[DATA EXTRACT — start]

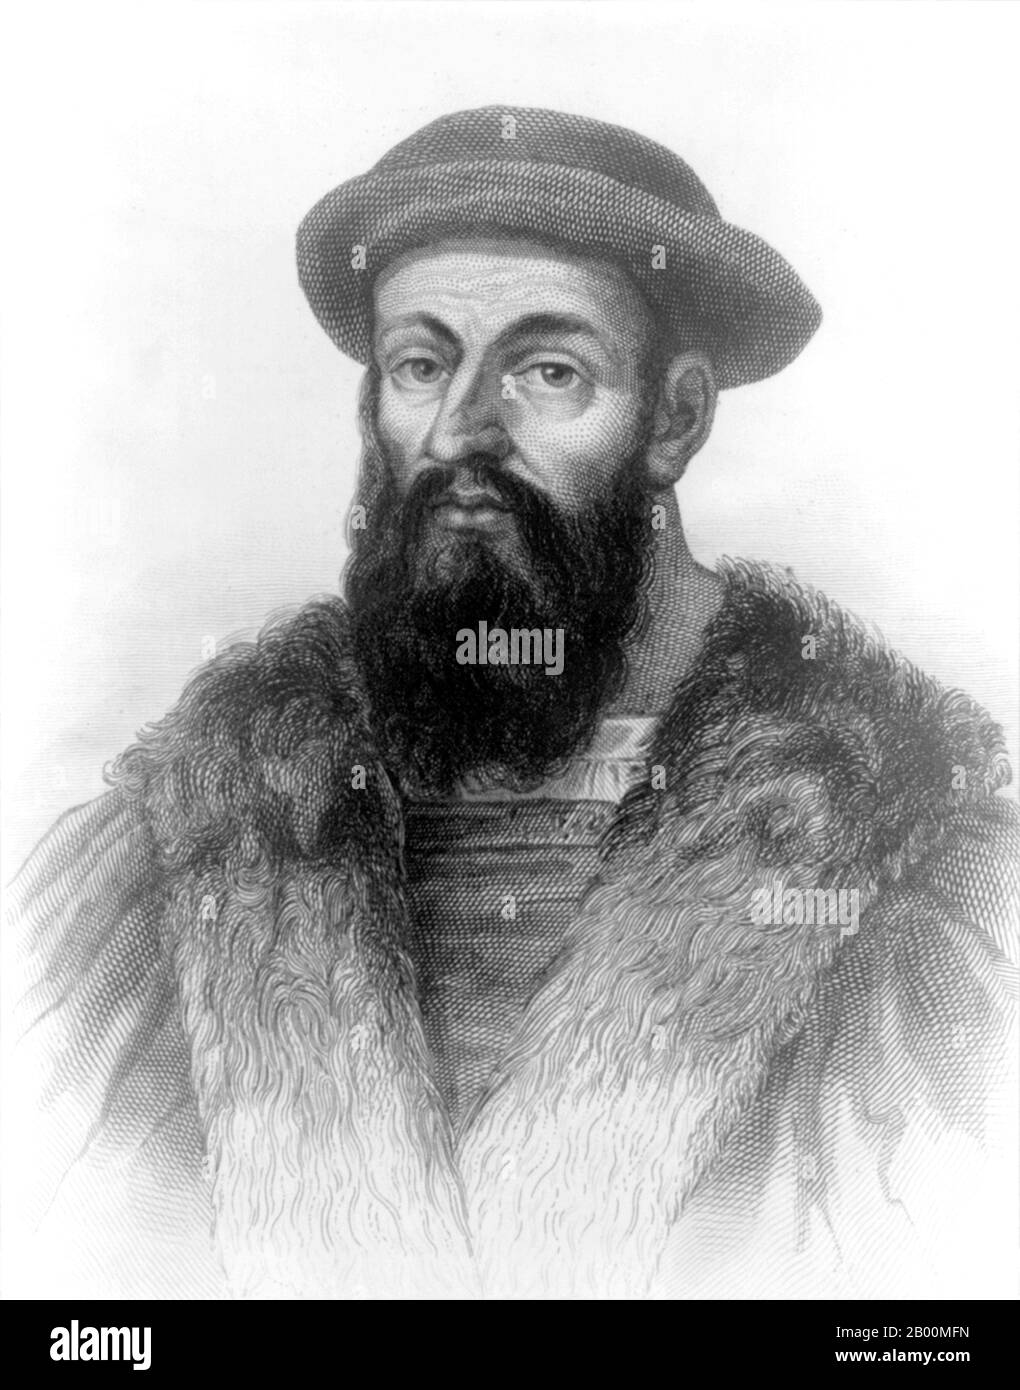 Portugal: Ferdinand Magellan (1480-1521) Portugiesischer Forscher und Umkreisnavigator. Stich eines unbekannten Künstlers, 1810. Ferdinand Magellan c. 1480-27. April 1521) war ein portugiesischer Entdecker. Er wurde in Sabrosa, im Norden Portugals, geboren, erhielt aber später die spanische Staatsangehörigkeit, um König Karl I. von Spanien auf der Suche nach einer westwärts Route zu den Gewürzinseln (moderne Maluku-Inseln in Indonesien) zu dienen. Magellans Expedition von 1519-1522 wurde die erste Expedition, die vom Atlantischen Ozean in den Pazifischen Ozean segelte und die erste, die den Pazifik überquerte. Stockfoto
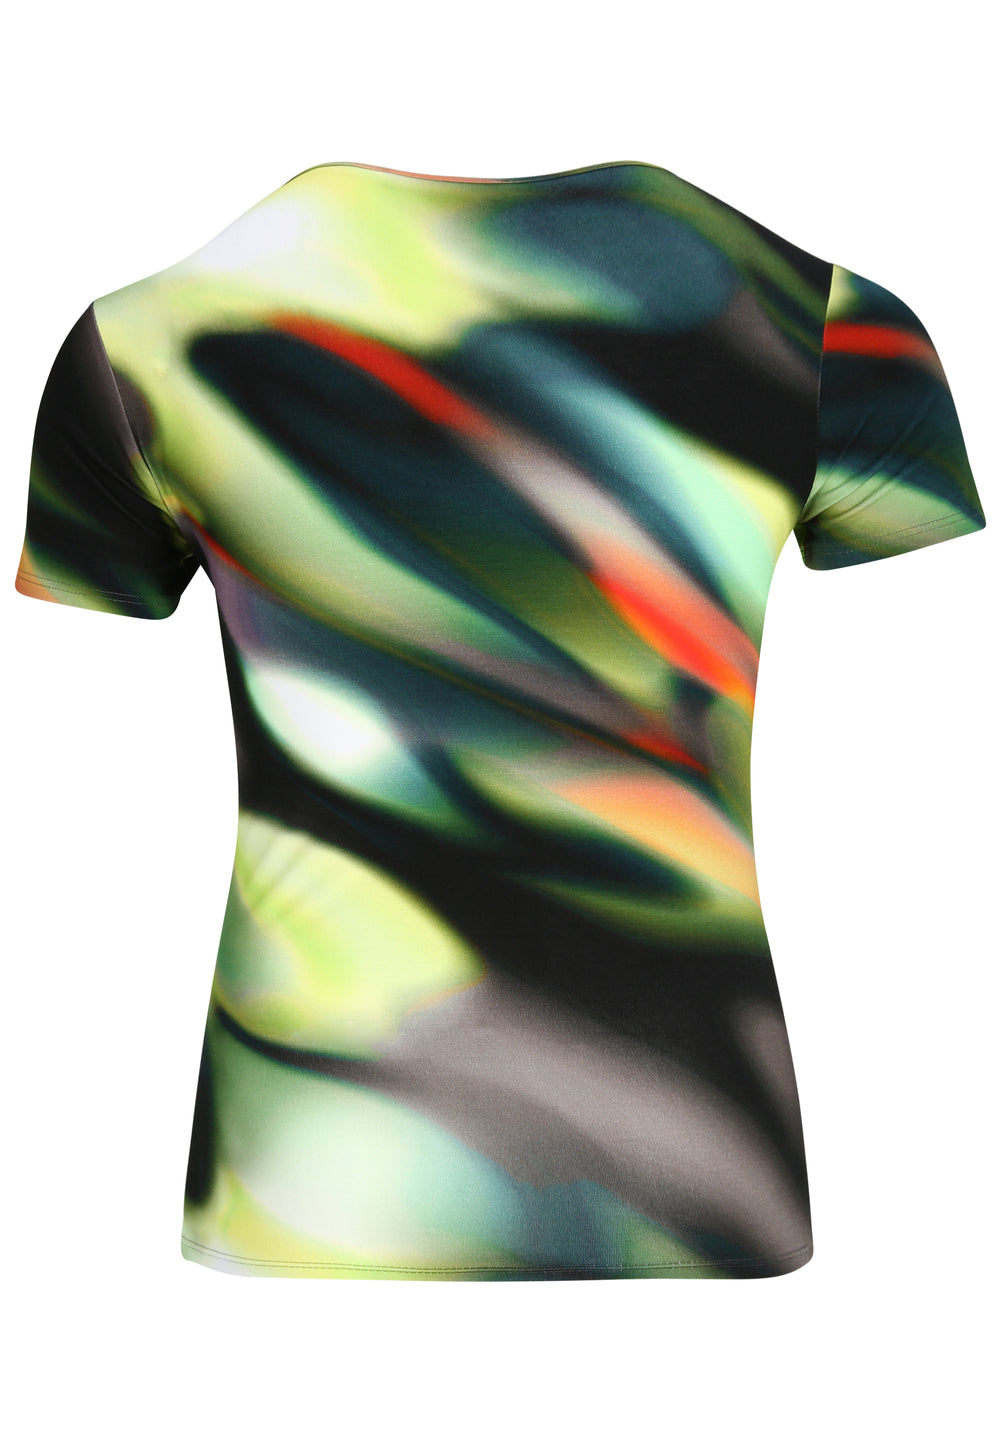 kleurig degrade t-shirt - doris streich - 262320-78 - grote maten - dameskleding - kledingwinkel - herent - leuven
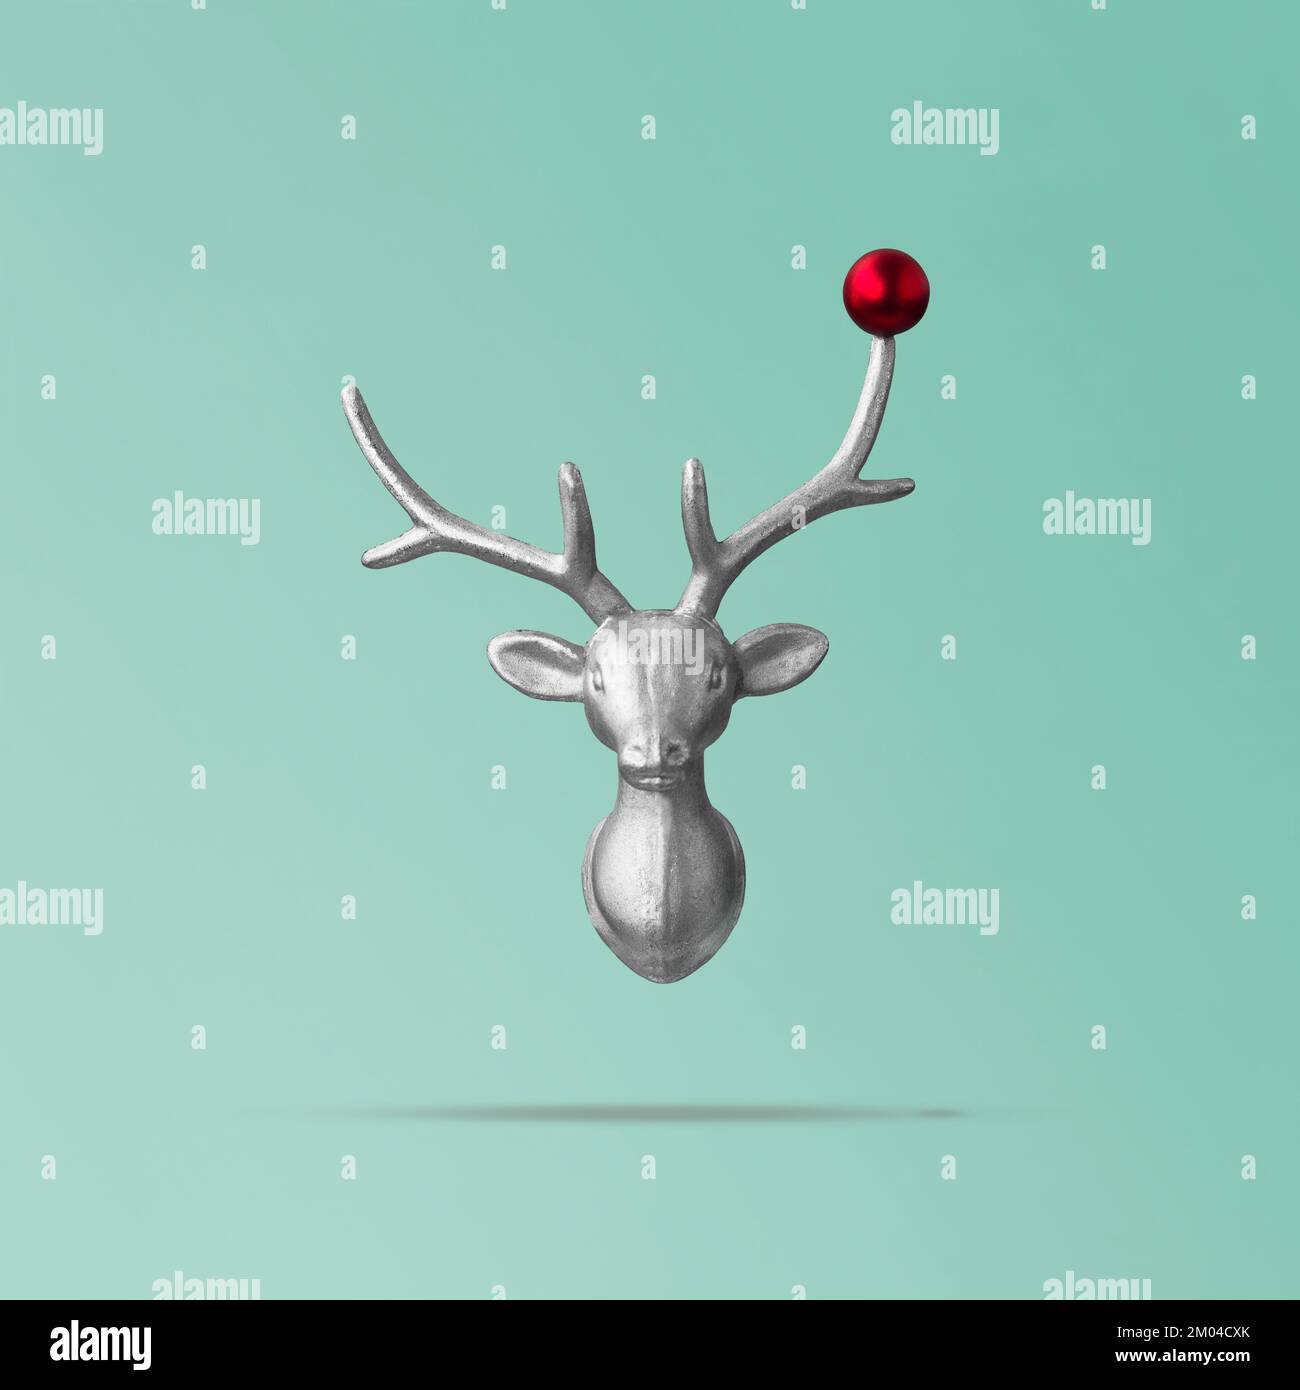 Concetto di renna di Natale su sfondo teal fatto di testa di renna e rosso bauble. Idea di vacanza invernale minima, concetto di nuovo anno Foto Stock

[DATA EXTRACT — finish]

[BRIEF]
Return every line above word for word, minus images.

[REPLY TO THE TASK]
 Portugal: Ferdinand Magellan (1480-1521) Portugiesischer Forscher und Umkreisnavigator. Stich eines unbekannten Künstlers, 1810. Ferdinand Magellan c. 1480-27. April 1521) war ein portugiesischer Entdecker. Er wurde in Sabrosa, im Norden Portugals, geboren, erhielt aber später die spanische Staatsangehörigkeit, um König Karl I. von Spanien auf der Suche nach einer westwärts Route zu den Gewürzinseln (moderne Maluku-Inseln in Indonesien) zu dienen. Magellans Expedition von 1519-1522 wurde die erste Expedition, die vom Atlantischen Ozean in den Pazifischen Ozean segelte und die erste, die den Pazifik überquerte. Stockfoto
 kleurig degrade t-shirt - doris streich - 262320-78 - grote maten - dameskleding - kledingwinkel - herent - leuven
 Concetto di renna di Natale su sfondo teal fatto di testa di renna e rosso bauble. Idea di vacanza invernale minima, concetto di nuovo anno Foto Stock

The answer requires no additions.